#### [TASK TO COMPLETE]
The whole listing, please: repeat it exactly, with the pictures left out.

#### [INPUT DATA]
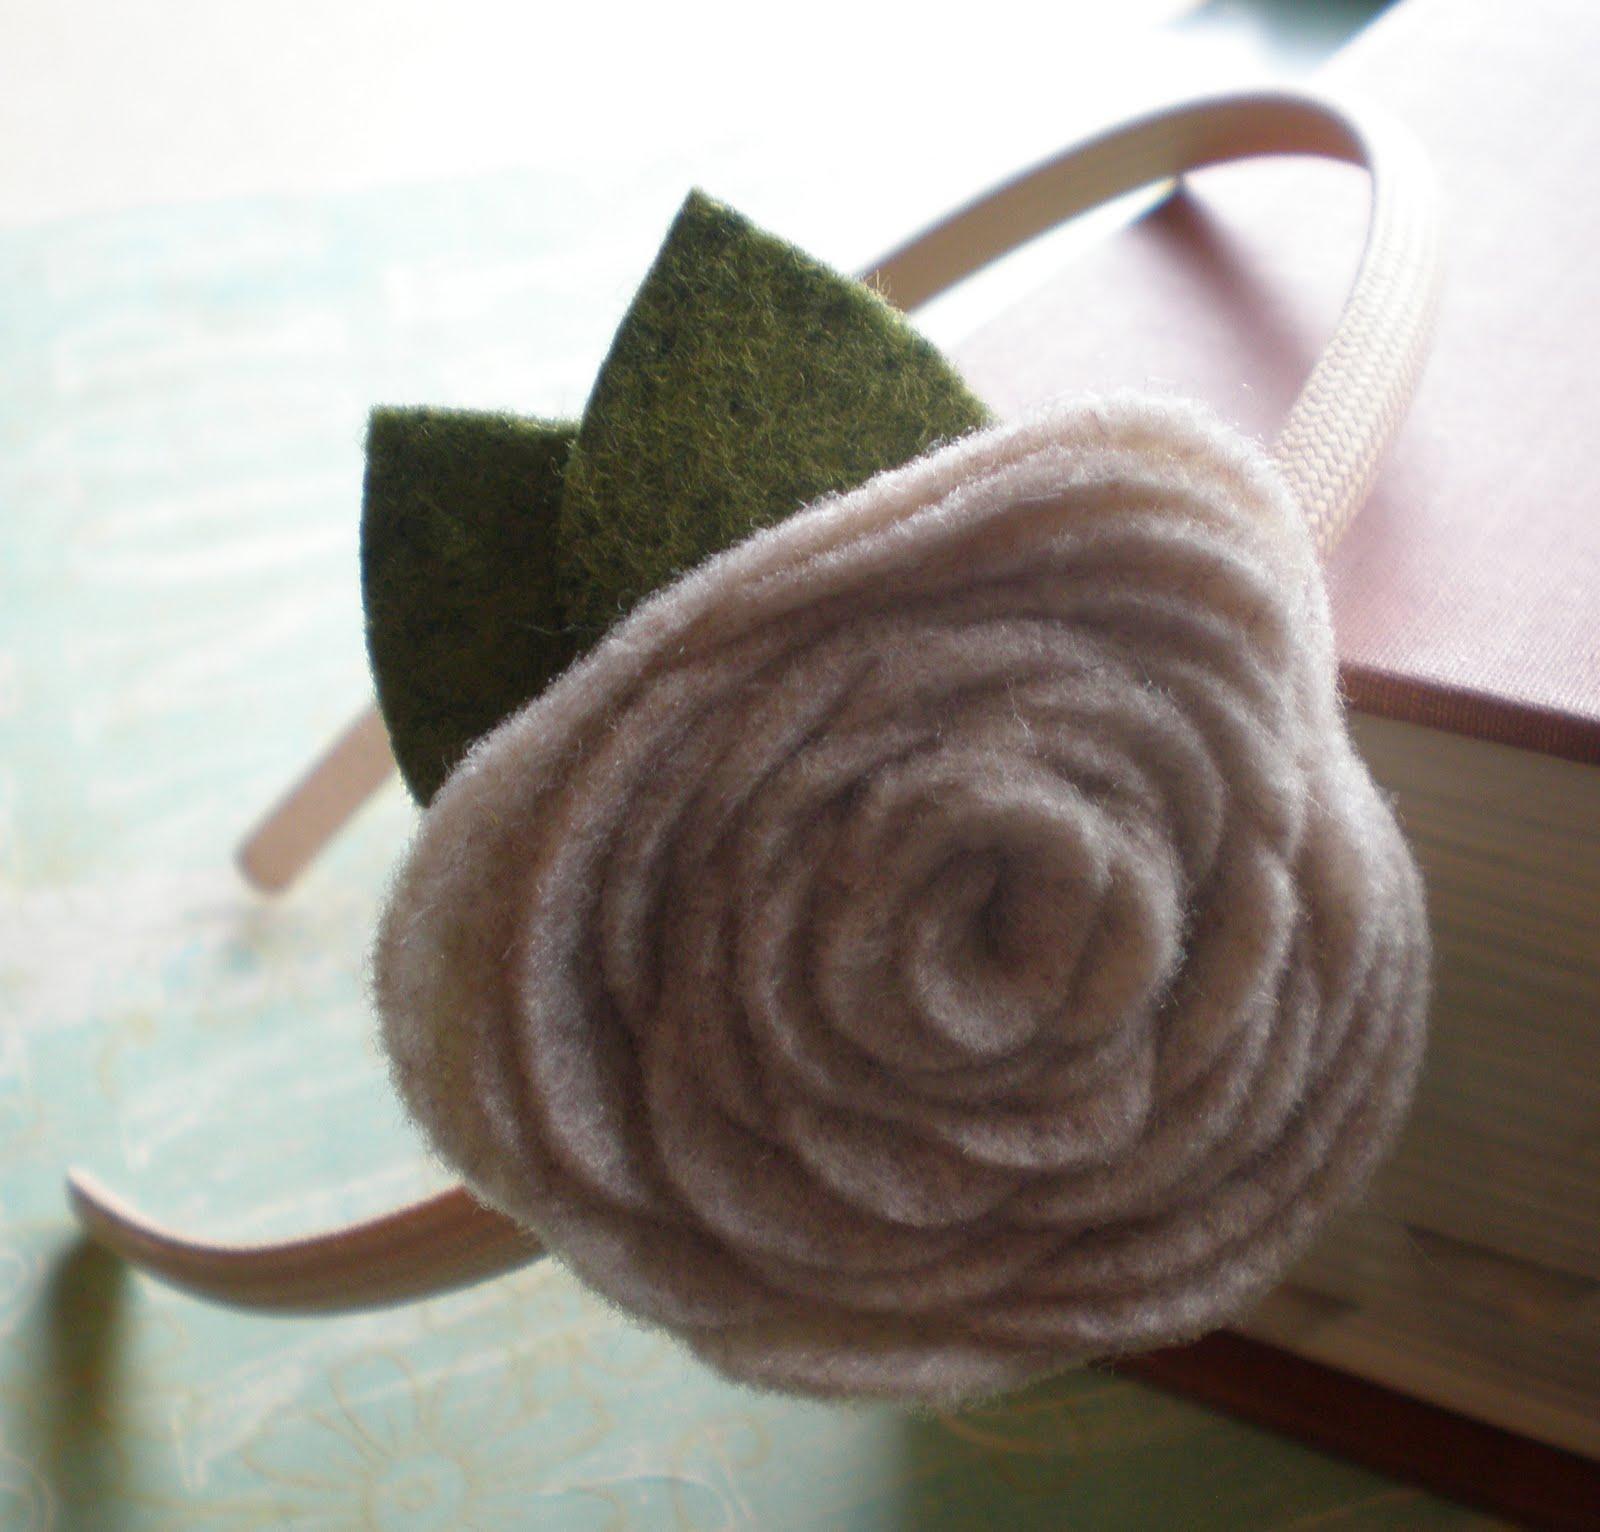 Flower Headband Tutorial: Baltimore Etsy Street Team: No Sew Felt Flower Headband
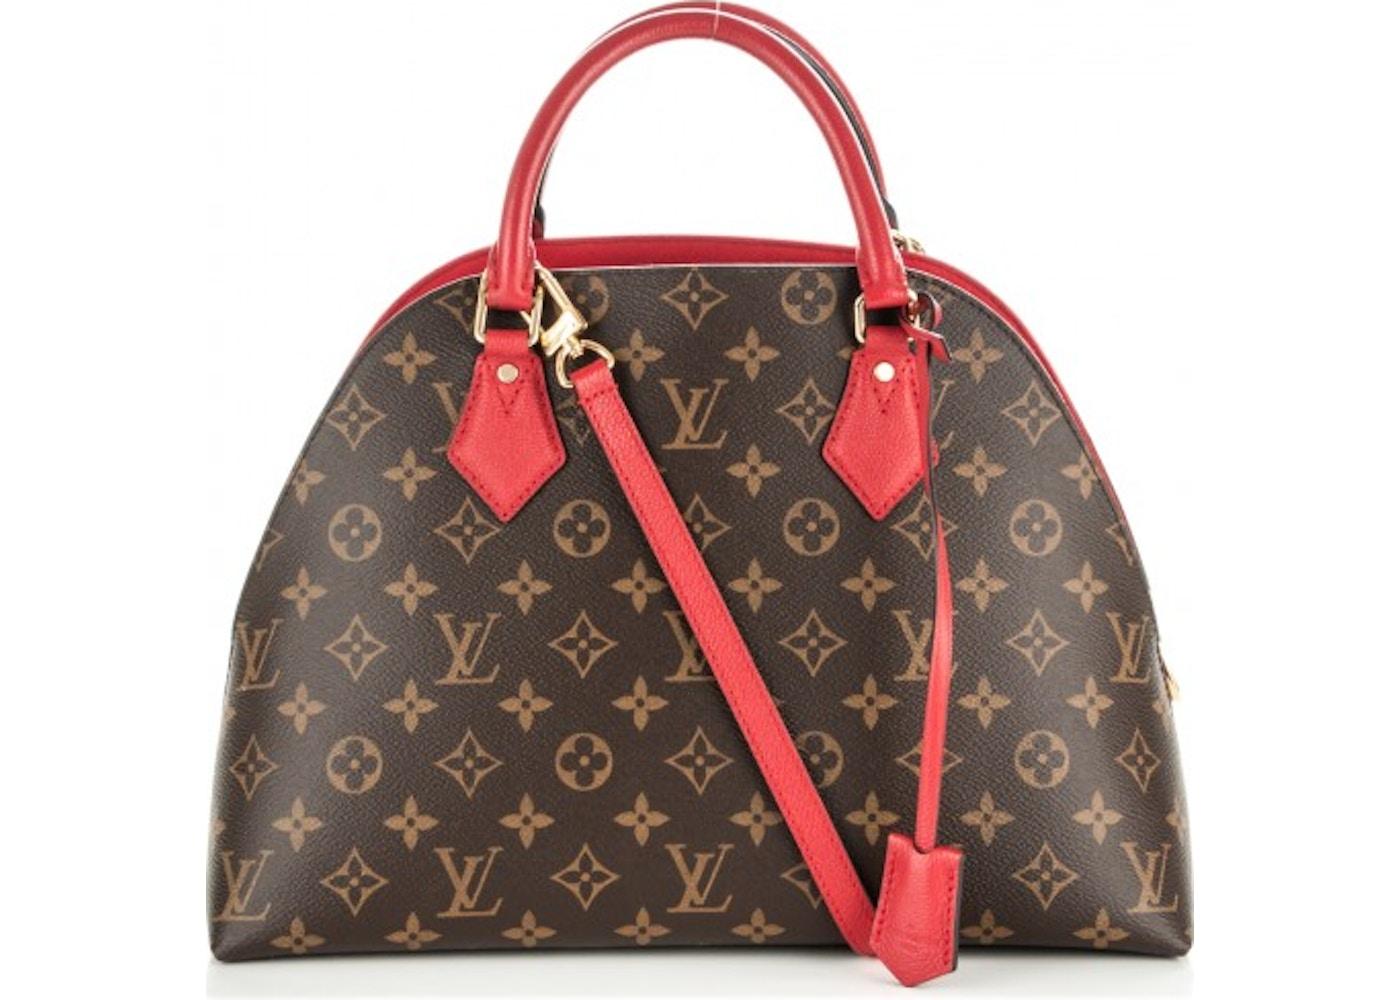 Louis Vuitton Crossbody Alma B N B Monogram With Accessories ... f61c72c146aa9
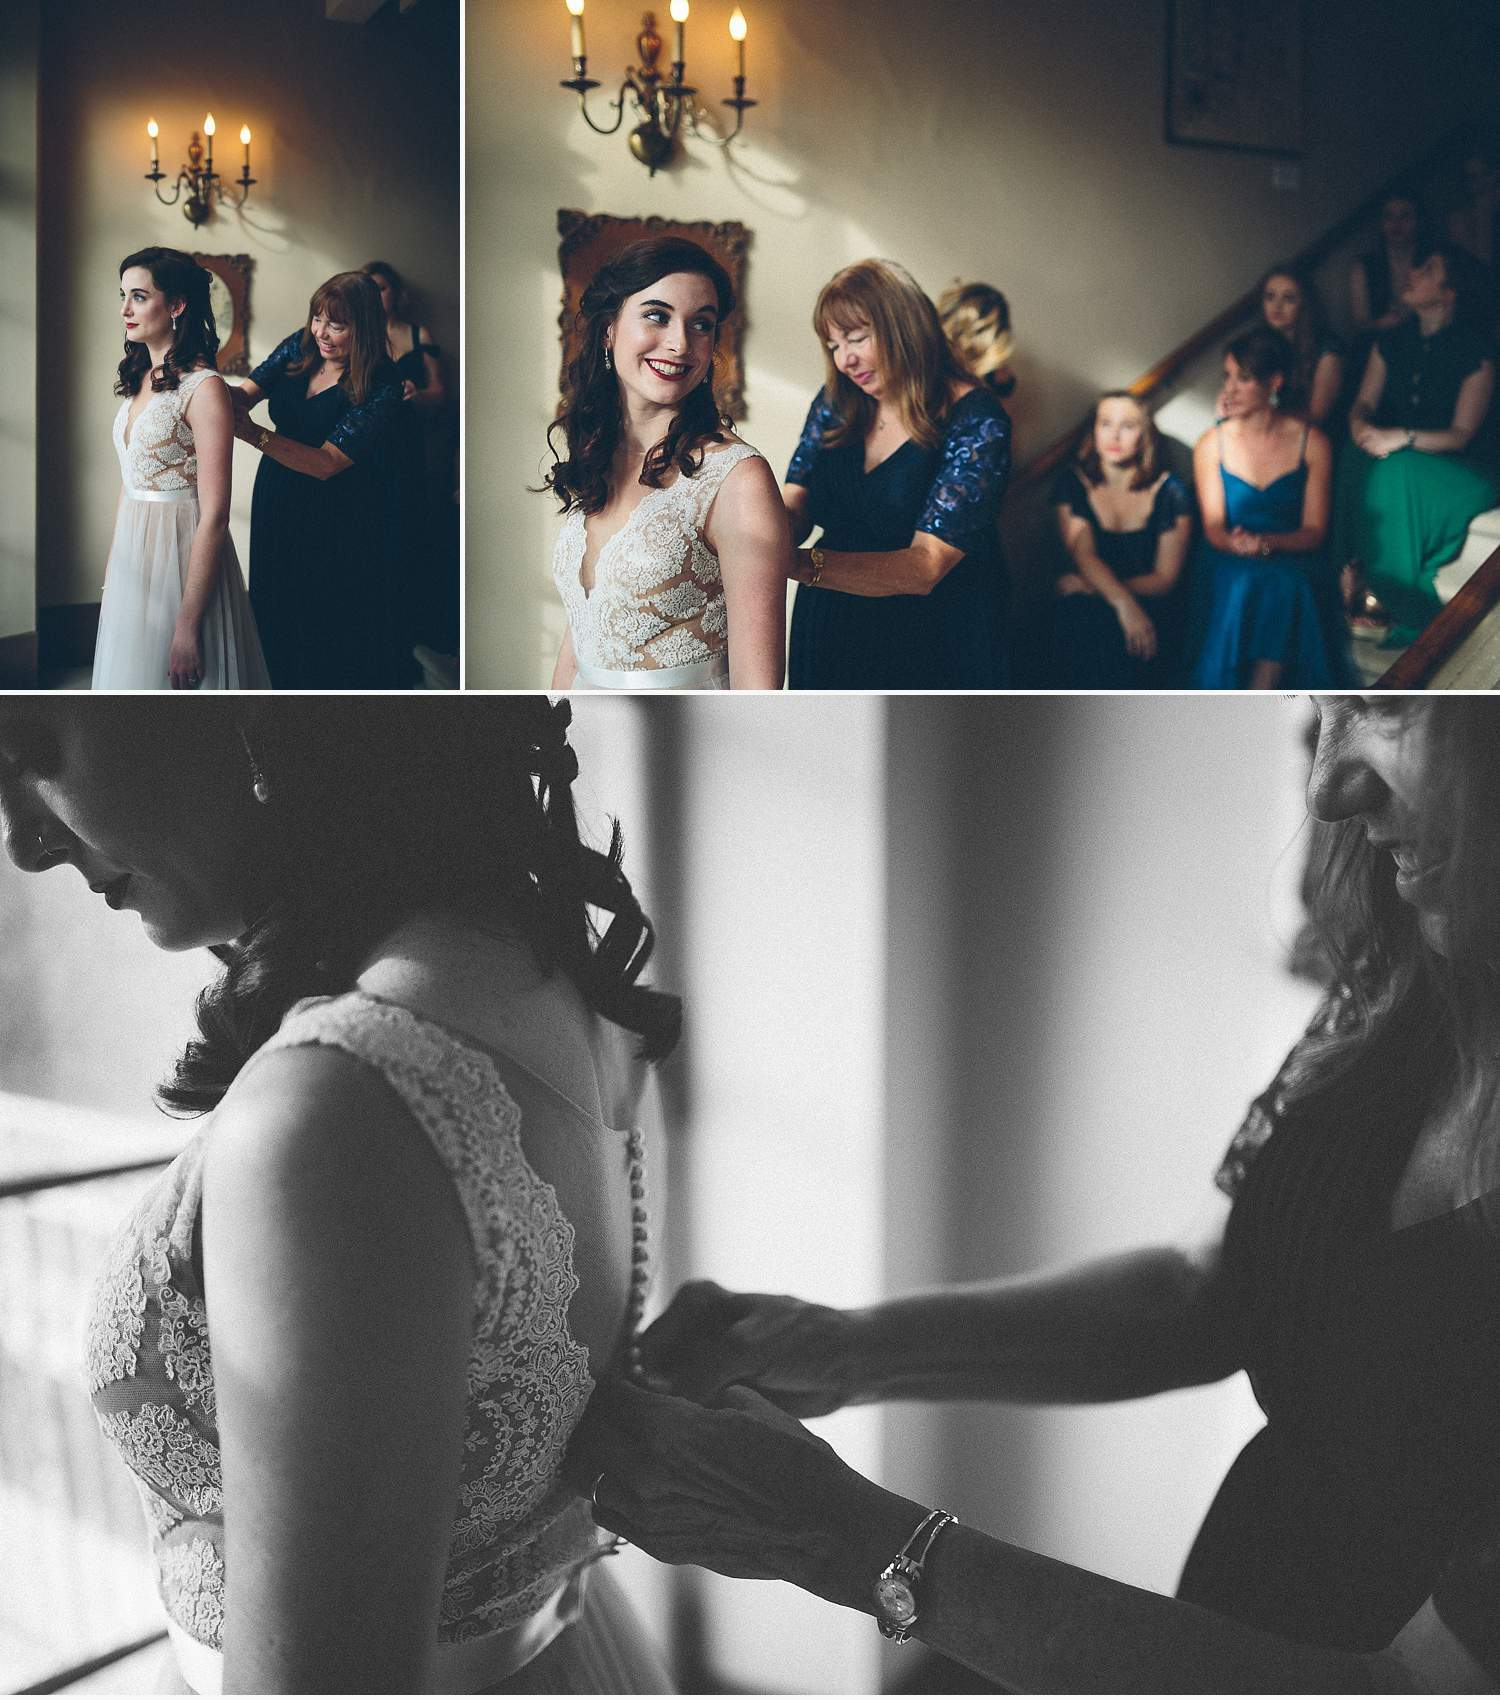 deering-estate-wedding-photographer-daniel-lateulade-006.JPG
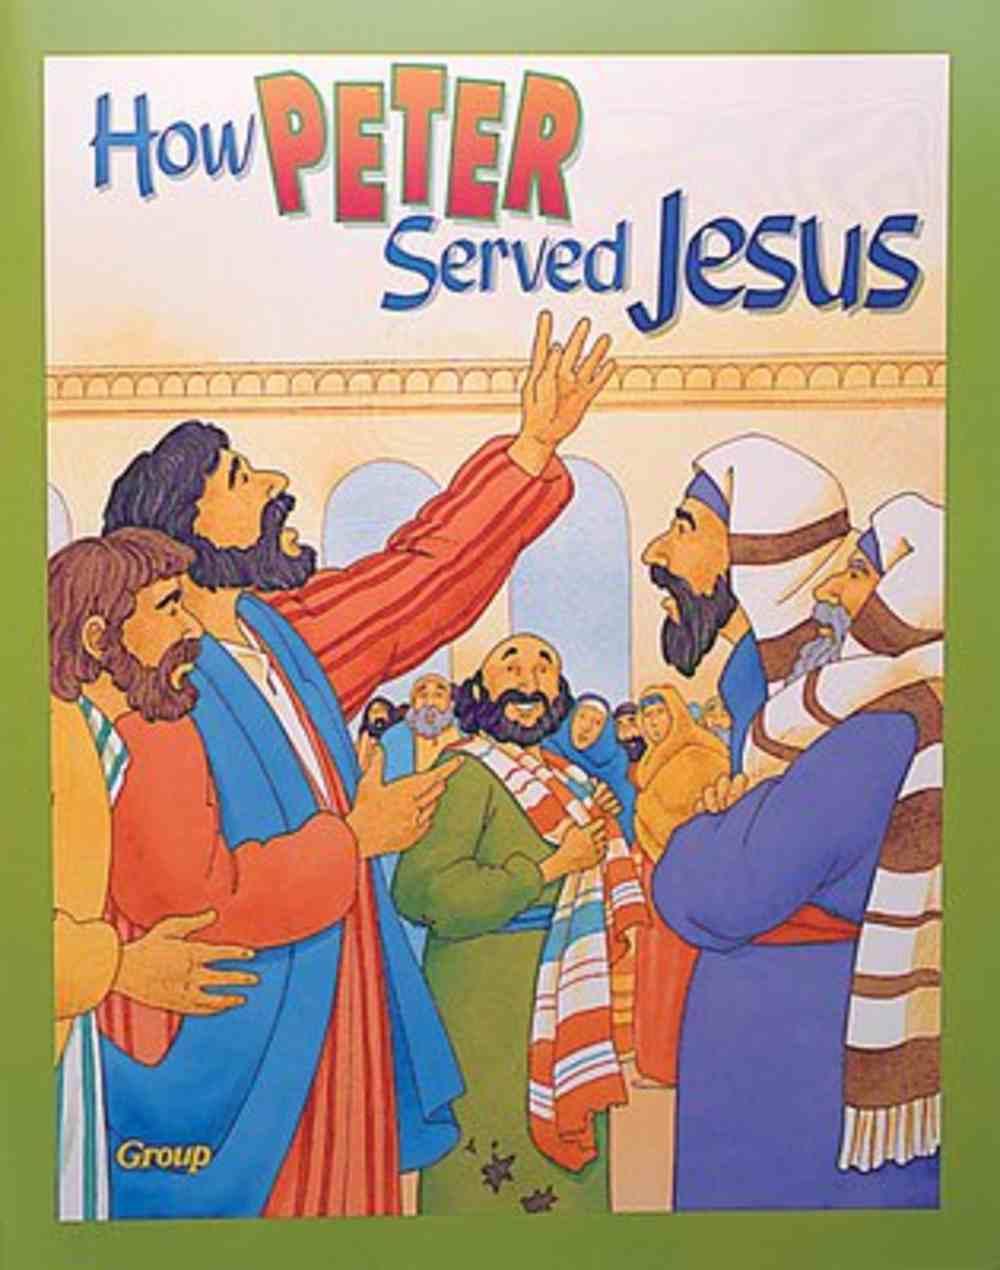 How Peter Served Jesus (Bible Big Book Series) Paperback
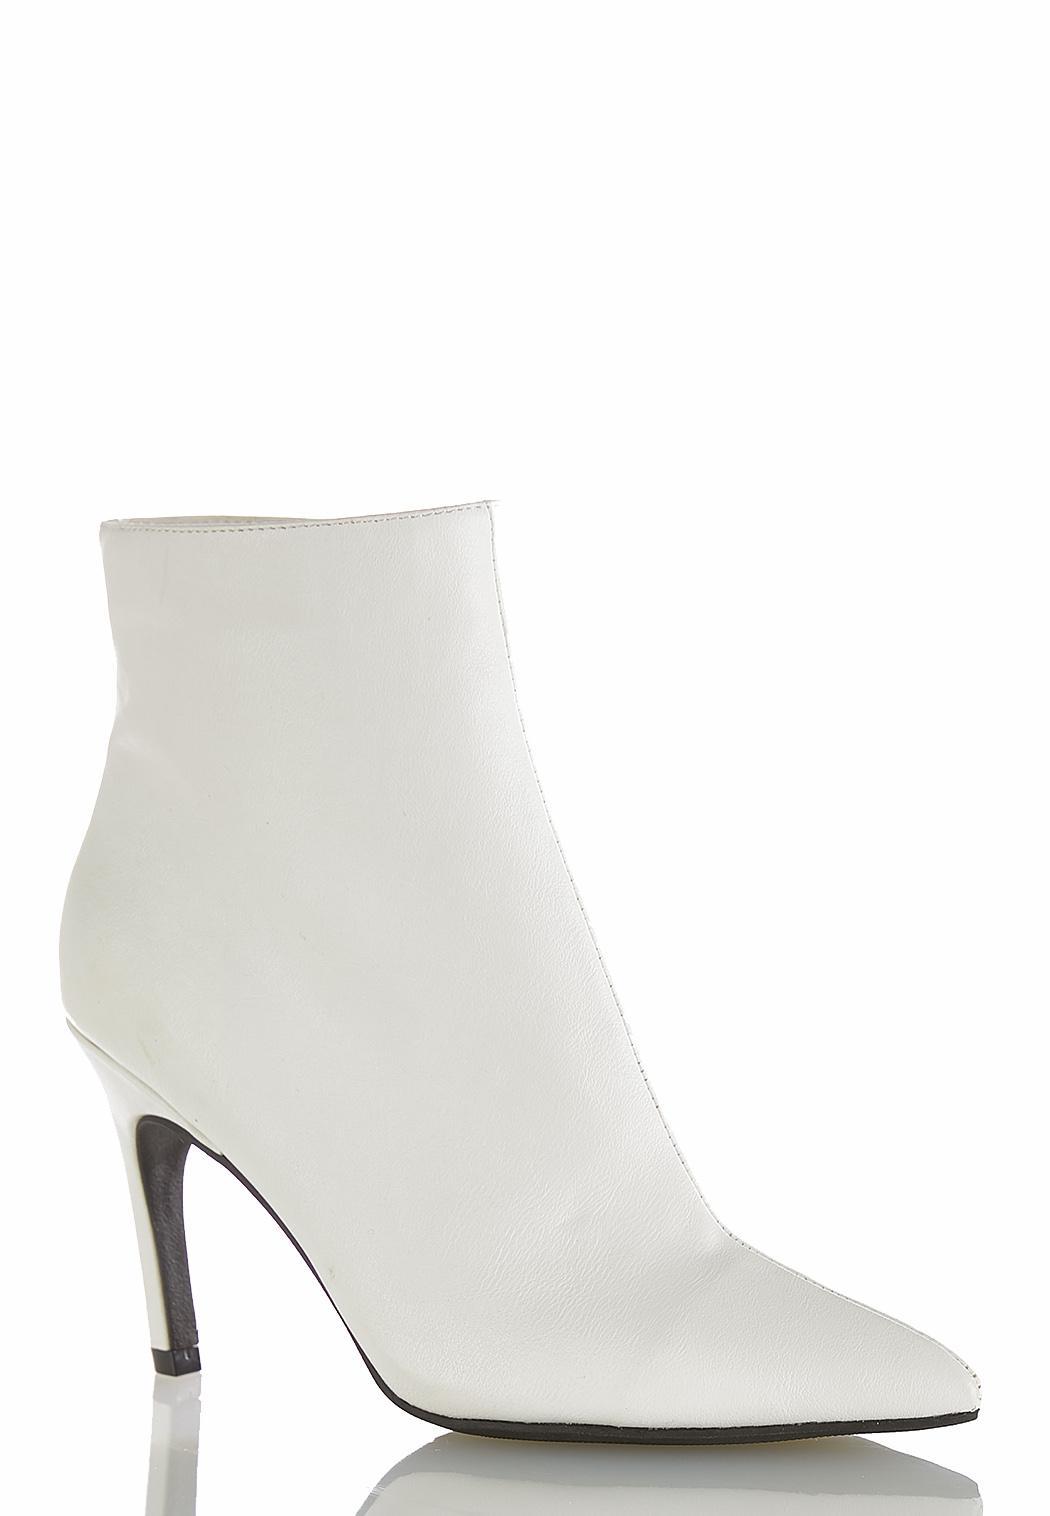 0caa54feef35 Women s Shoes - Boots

#### [RESULT]
 Flower Headband Tutorial: Baltimore Etsy Street Team: No Sew Felt Flower Headband
 Louis Vuitton Crossbody Alma B N B Monogram With Accessories ... f61c72c146aa9
 deering-estate-wedding-photographer-daniel-lateulade-006.JPG
 How Peter Served Jesus (Bible Big Book Series) Paperback
 0caa54feef35 Women s Shoes - Boots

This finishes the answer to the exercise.